When we began to explore Generative AI, many of us experimented to find out what fictional brand strategies it might create - and were disappointed by the results. Sometimes that’s because prompt engineering is a new skill for most. To get insightful answers, we need to learn to ask the likes of ChatGPT and DALL-E the right questions. But if the responses are scraped from existing data, we have a bigger problem: we don’t like what we see in the AI-looking glass. Reflecting back at us is the homogeneity we’ve been putting out into the world in the name of creativity. Generative AI has brought us to the realisation that a lot of what we do plays into tropes and category cues, replicating patterns and perpetuating stereotypes.
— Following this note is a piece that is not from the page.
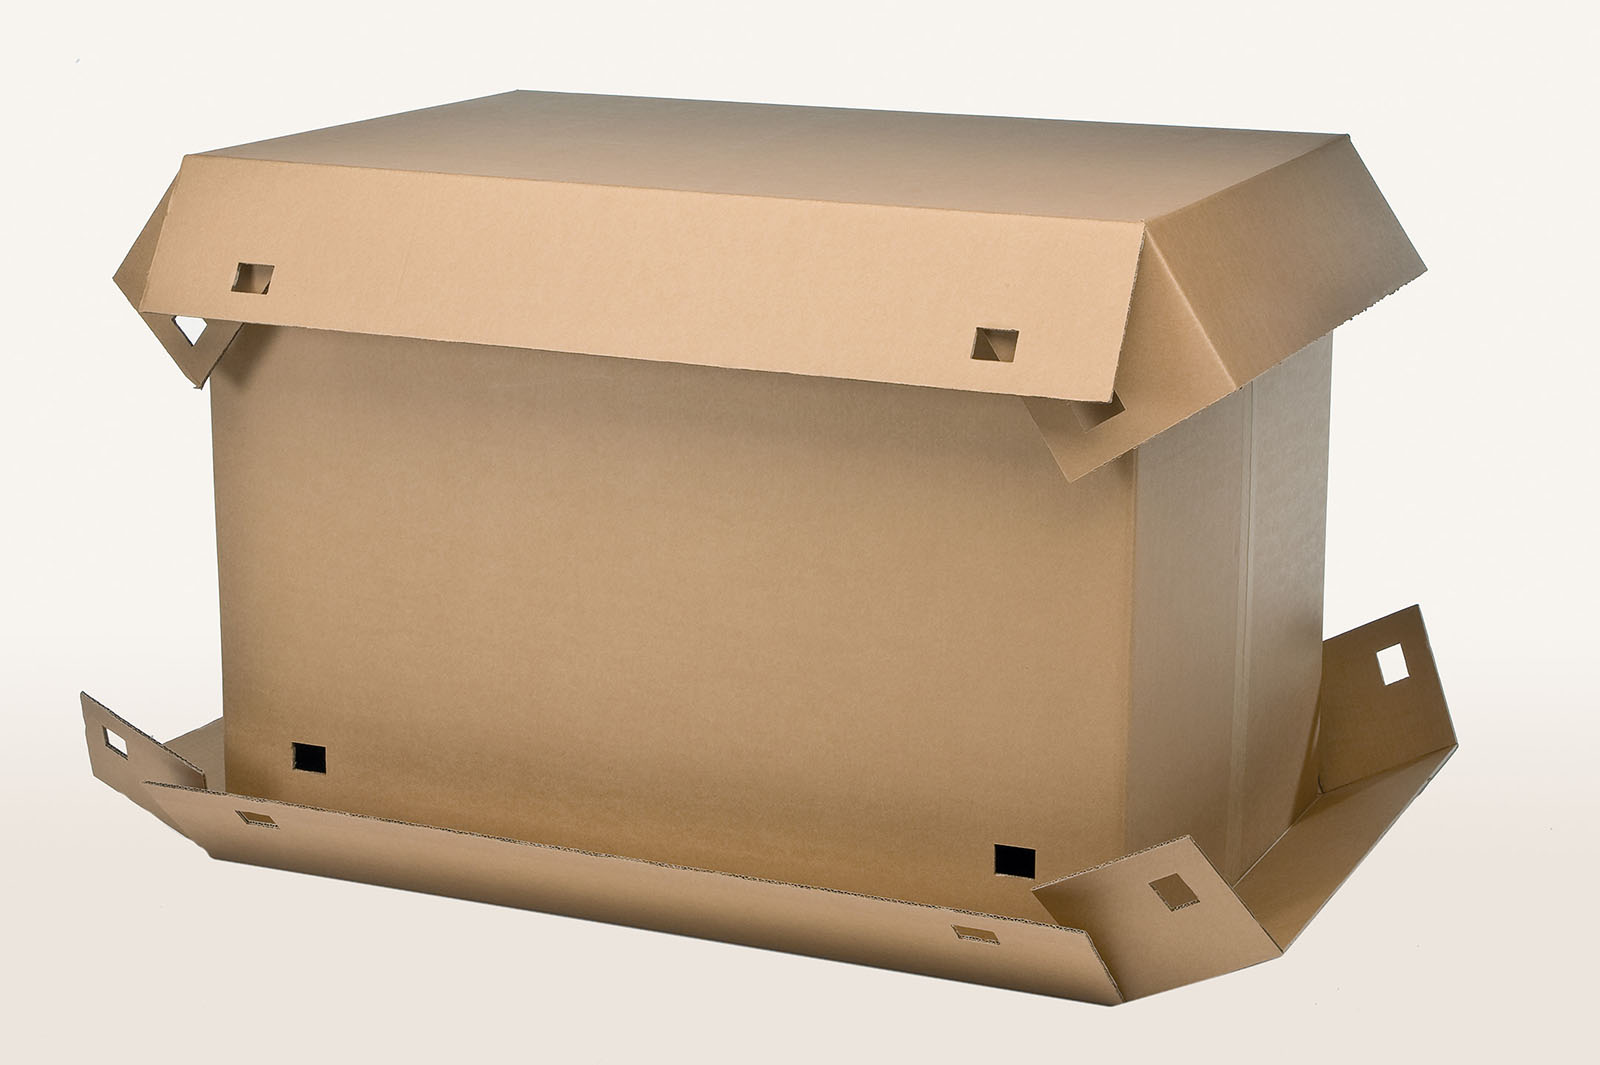 Die Transportbox besteht aus einem Kartonboden, einem Kartondeckel und einem Stülpkarton. Innen ist eine konstruktive Schaumpolster Verpackung für eine OP-Leuchte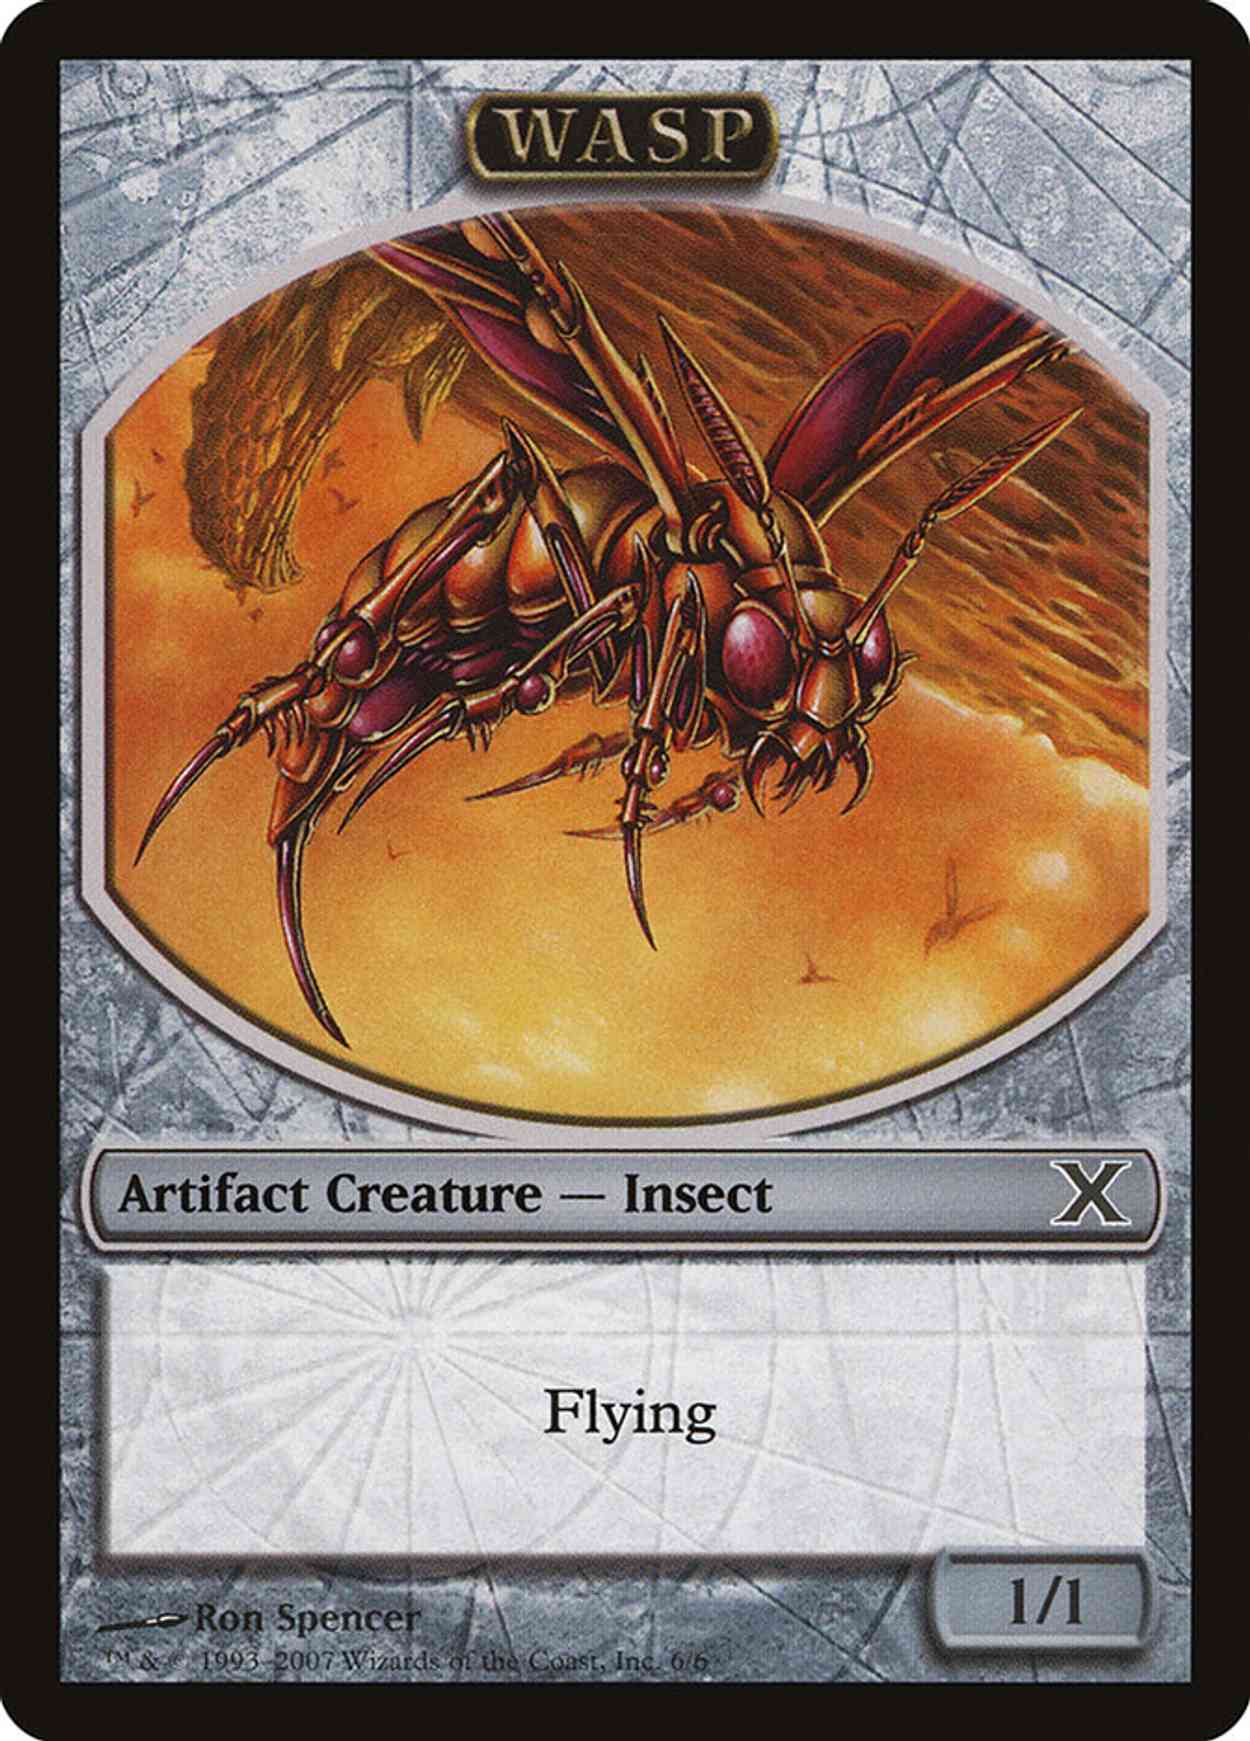 Wasp Token magic card front

This is a gift.

Generative AI is a powerful tool that can challenge us to do better. It can serve the initial input that acts as a catalyst for ideas. It can be a collaborator, assisting in the creative process and freeing our minds. While its future role is still being defined, this is as far as it takes us for now.

Creativity is a precious resource, and it belongs to us. The ability to inspire and rouse emotion in ways that truly resonate remains inherently human. Our responsibility is to eradicate uniformity, push the boundaries of our imagination and make the leap from good to great.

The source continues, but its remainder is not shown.